Every indie developer knows the pain. A flood of playtest feedback pours in—"music went weird," "game crashed," "got stuck on a rock." You spend hours copying, pasting, and deciphering instead of fixing. This manual triage is a creativity killer.
The key principle is shifting your role from Scribe to Reviewer. Instead of writing everything down, you define the structure and let AI handle the initial drafting and organization. Your job becomes approving, editing, or merging the AI's work.
Imagine this mini-scenario: Ten players report the same physics bug in different ways. The AI identifies the core issue, merges duplicates, and generates one clear ticket: "Physics: Player character gets stuck on rock asset 'Rock_04' in the northern forest." You review and approve it in seconds.
Here’s how to implement this system in three high-level steps.
1. Define Your Gold-Standard Template
Formalize your perfect bug report. Open your project management tool, like GitHub Issues, and write down every field you manually fill—title, description, steps to reproduce, priority, labels (e.g., Audio, Crash). Formalize this into a strict markdown template.

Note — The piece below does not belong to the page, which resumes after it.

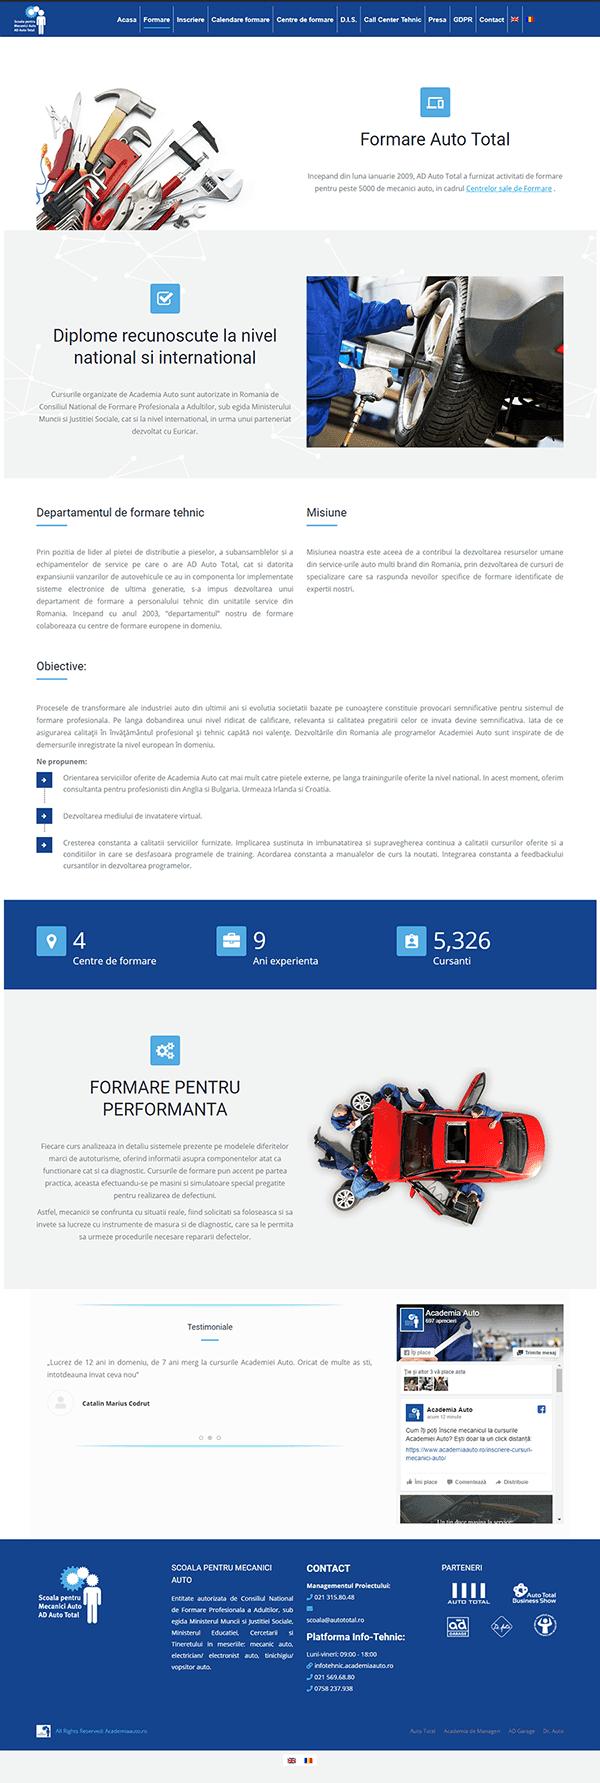 Inovateam web design -academiaauto (3)

2. Engineer the Core Prompt
Combine this template with your game's context glossary and priority rules to create a core instruction set for the AI. This prompt teaches it your terminology and how to structure information, turning "music went weird" into "Audio: Looping glitch in track 'CaveAmbience_02' after player death sequence."
3. Integrate with Your Pipeline
Automate the flow. Feed raw playtest comments into your AI system. It will generate structured drafts, and even chase details by asking follow-up questions like, "Could you tell us your operating system?" You then review, edit, merge, or reject these drafts directly into your tracker.
In summary, stop being the scribe. By creating a structured template and training an AI on your game's specific context, you automate the initial heavy lifting of bug report generation. This transforms chaotic feedback into actionable tickets, letting you focus on what matters most—making your game better.